Leveraging the Tarot's four 14-card minor arcana suits and 22 major arcana, Questeros' multiplayer game is a predictive Whist variant themed along fantasy RPG tropes of Classes, Quests and Initiative. Over the course of seven rounds, players try to win as many tricks as they predict, with a shoot-the-moon bonus for one player winning none. The standard rule of following the lead remains, with the major arcana being trumps and each of them having a special power, the more game-breaking of which are introduced incrementally: a nice touch. The trick-taking USP here is that you can pay XP (victory points) to ignore the 'follow the lead' rule which, although adding an extra thought process to every card play, does mix things up nicely.

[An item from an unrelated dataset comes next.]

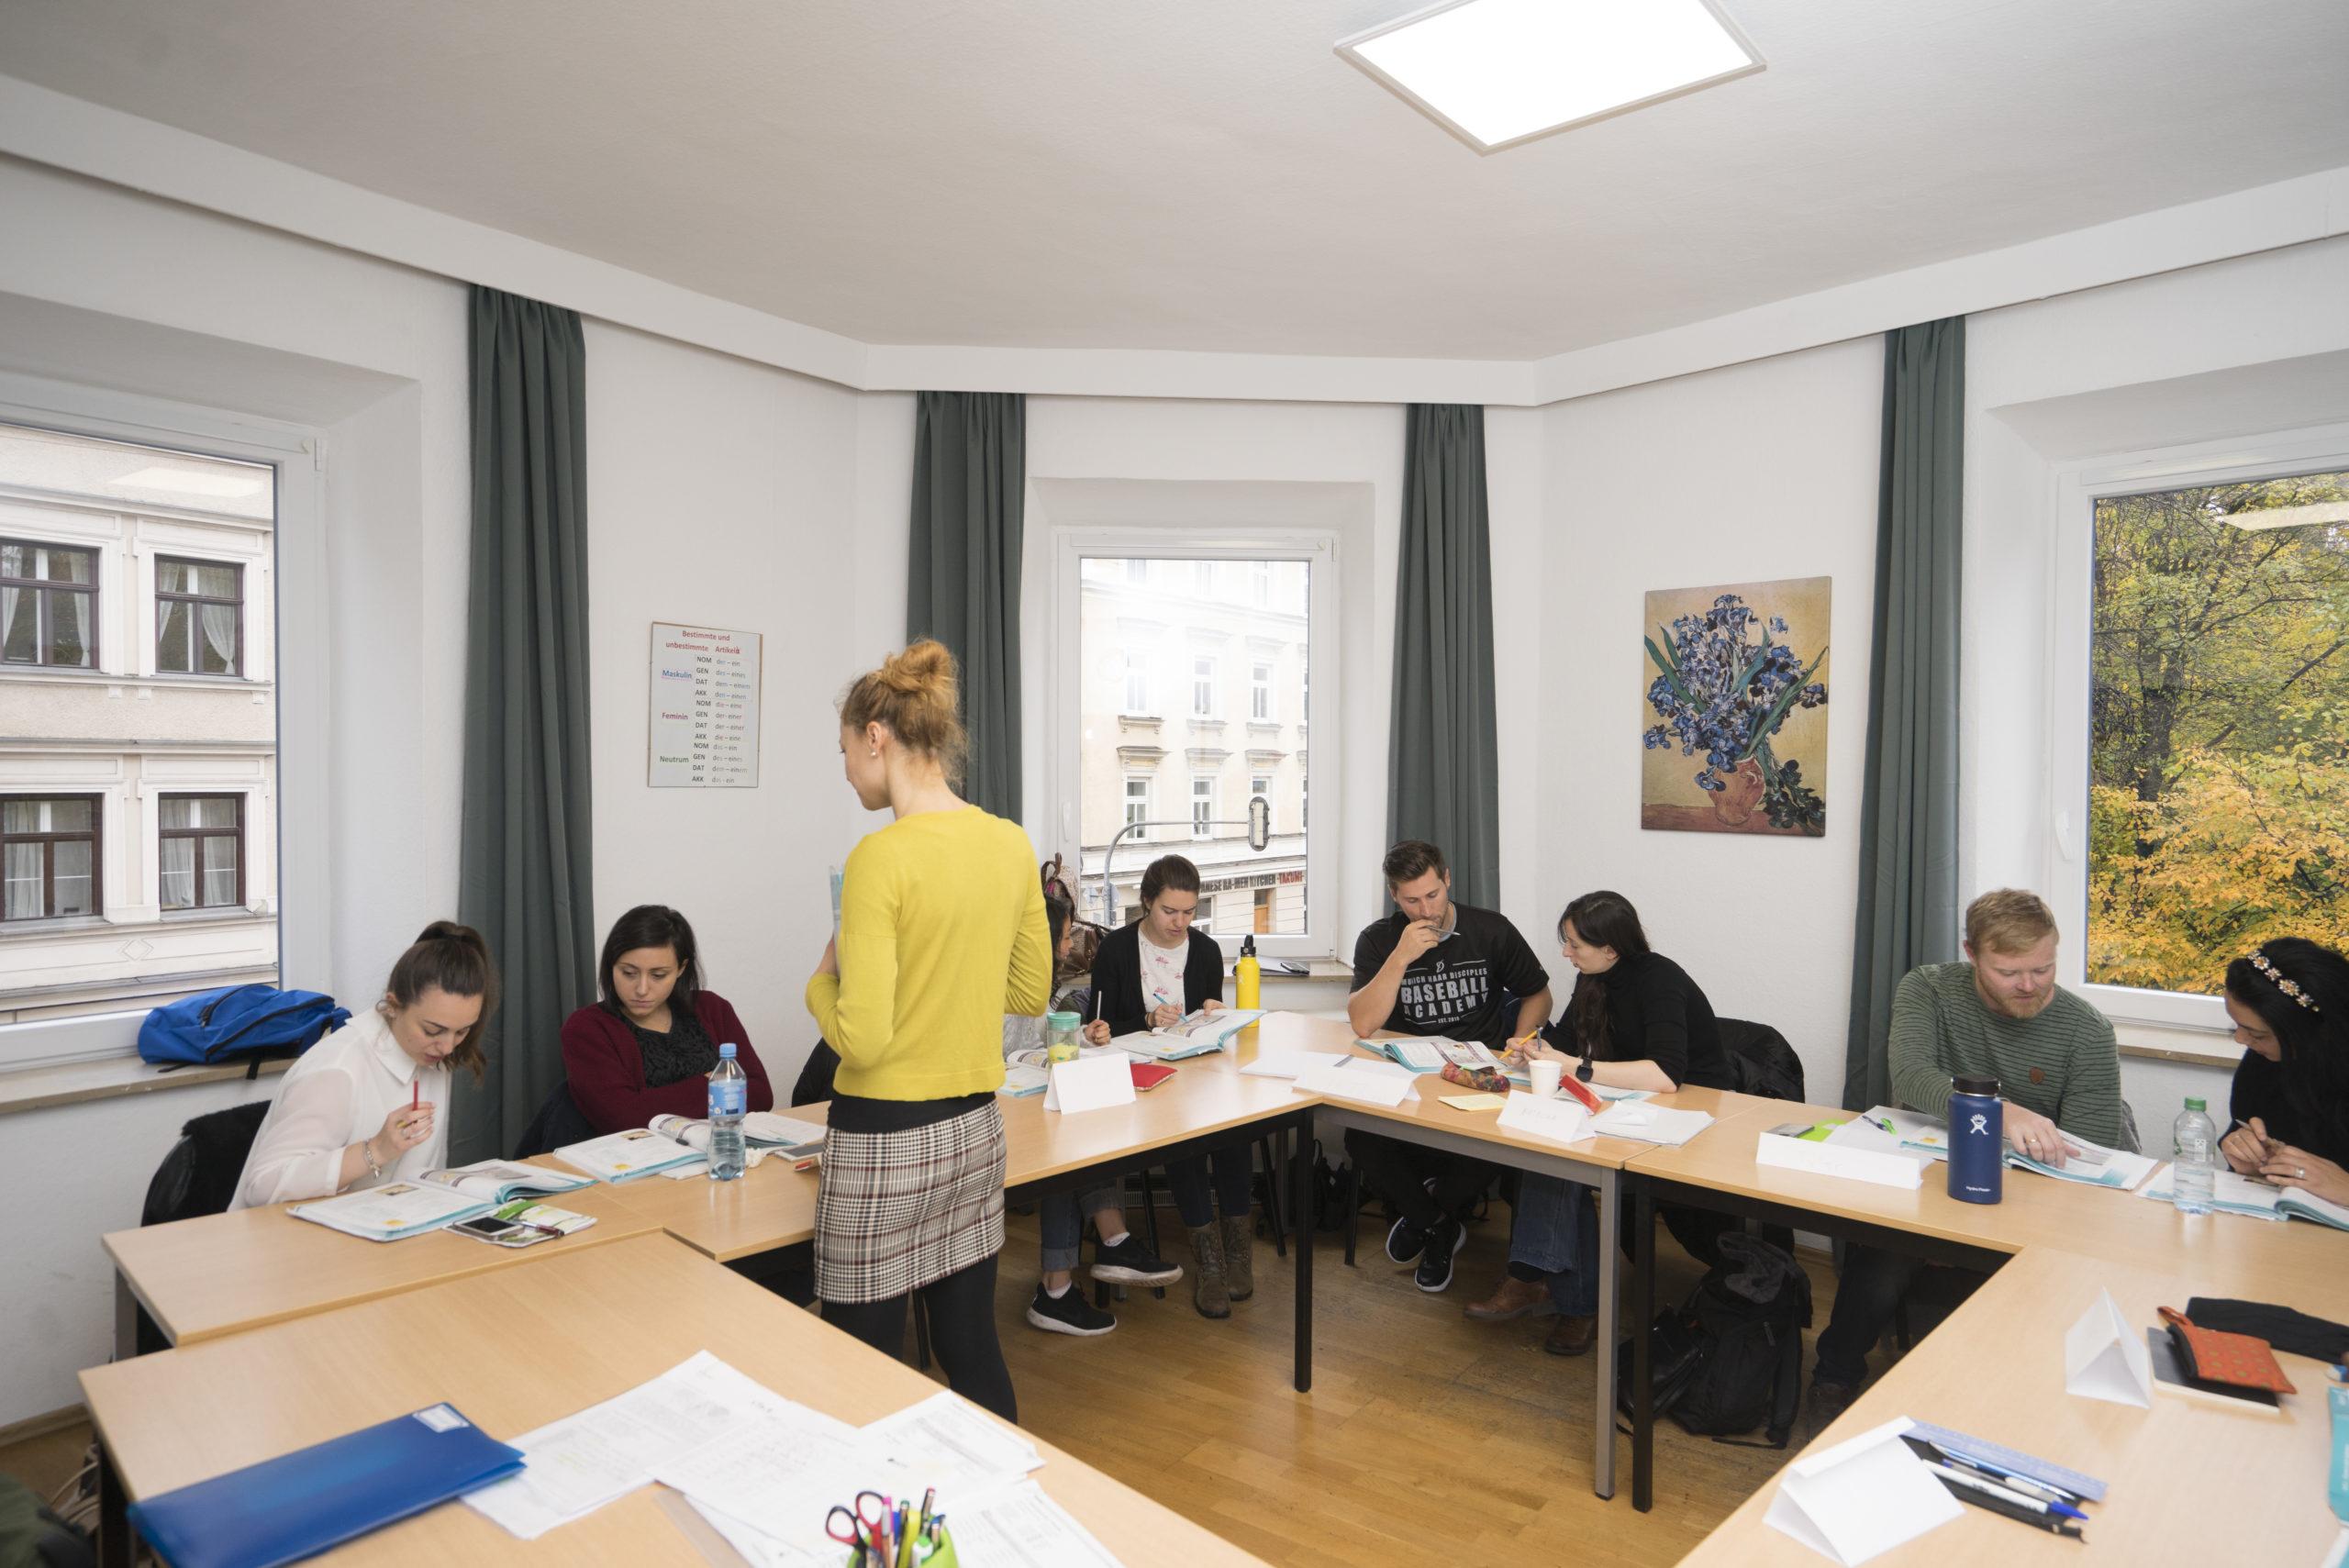 Praktikum Sprachschule Augsburg

While the multiplayer game offers entertainment for two to six players, the punningly entitled Ero's Quest solo game stands in Patience' stead. Here, you Encounter the major arcana cards 1-21 in order, winning them over as allies, disarming them with gifts or besting them in combat. To this end, you start with a dagger (1 of Swords), some coins (1, 2, 3 of Orbs), hit points (1-10 of Cups) and the potential to cast spells (1 of Staves). Each turn allows a generous six actions before you must Rest, which discards the top card of the deck to keep the timer ticking. In your turn, you Purchase or Learn from the deck to Develop your abilities, Recover health or other cards, even Forget some of what you've Learned to make room for more useful cards. Only one Encounter is allowed each turn, so you are encouraged to progress as the combative types dole out damage equal to their rank. There is an interesting pace to the game, although you will meet your foes and allies in the same order every time.

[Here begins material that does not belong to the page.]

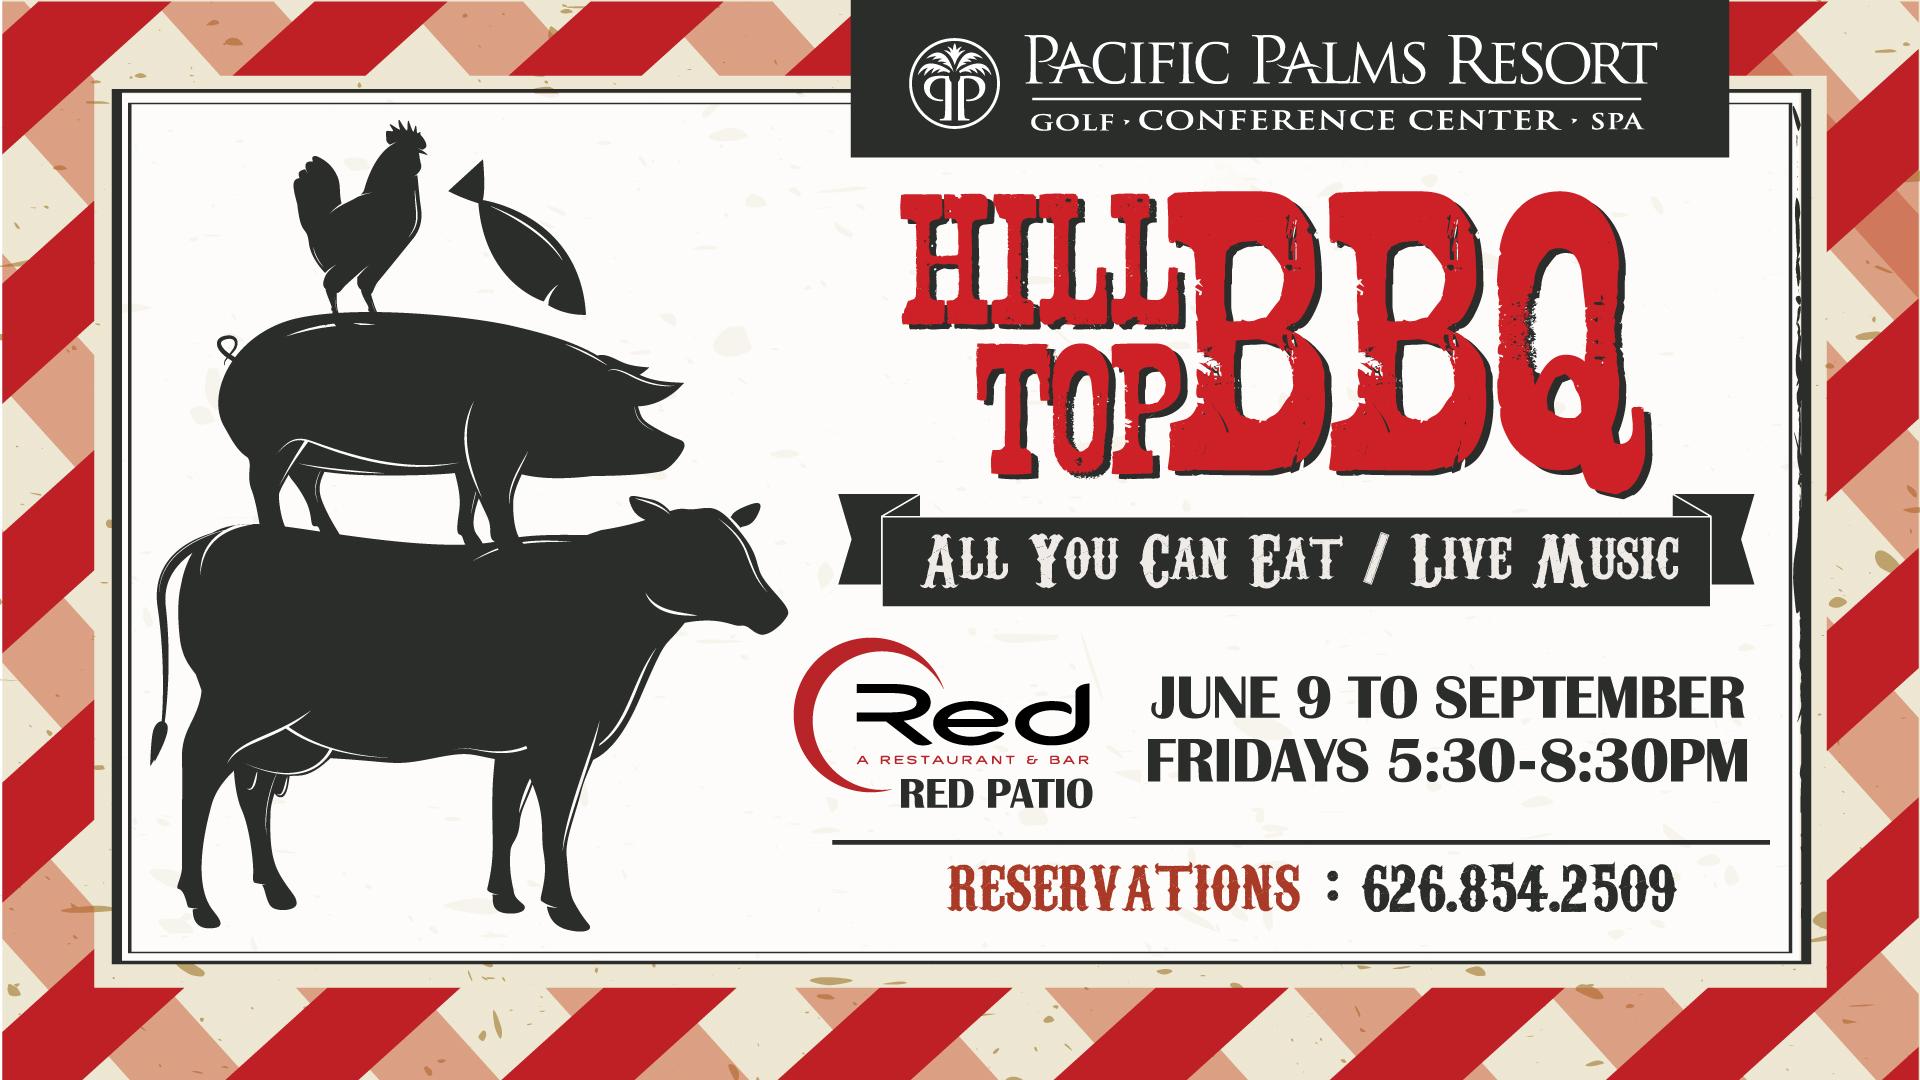 PPR-Hilltop-BBQ-1920x1080-.jpg

Being able to improve your abilities only with the next card in sequence (two of Swords, four of Orbs, 2 of Staves, etc), leads to the problem of a 'bad shuffle'; they could simply be at the bottom of the deck. Yes, you can trawl, but you can't play what you don't find. Once you do have some better skills, there is a math-y puzzle to solve, facilitated by occasional beneficial encounters, especially later on. Still, you might find yourself lacking patience if you're unfairly outmatched.

Two other uses of the Questeros deck are presented: a Tarot; and an RPG 'Fate deck'. With regard to the latter, as someone who frivolously bought a Harrow deck to embellish his Pathfinder Crimson Throne (Paizo) campaign, I can certainly see the major arcana being of use in an RPG setting, with its generic fantasy vibe and four keywords per card as described in the manual. As for actual Tarot use, that's a personal choice and one I cannot predict myself making, but the art by John de Campos feels both modern and classic at the same time, so if it calls to you I hope you find answers to your questions.

In summary, there is a lot you can do with the Questeros deck, and it certainly is an attractive addition to any collection. While each part may not necessarily be 'best in class' on their own, it is a multifunctional deck that straddles the card and role playing game boundaries with character. Questeros is due to hit Kickstarter on 23 March. We'll add a link to the KS campaign when it goes live.

And, one interesting side note: it may not be immediately apparent from our 360 shot, but the box cover and card backs can all be rotated 180 degrees to read the same either way, much like the ambigrams in Dan Brown's Angels & Demons. It's a rather clever touch that typifies the thought that has gone into the Questeros design.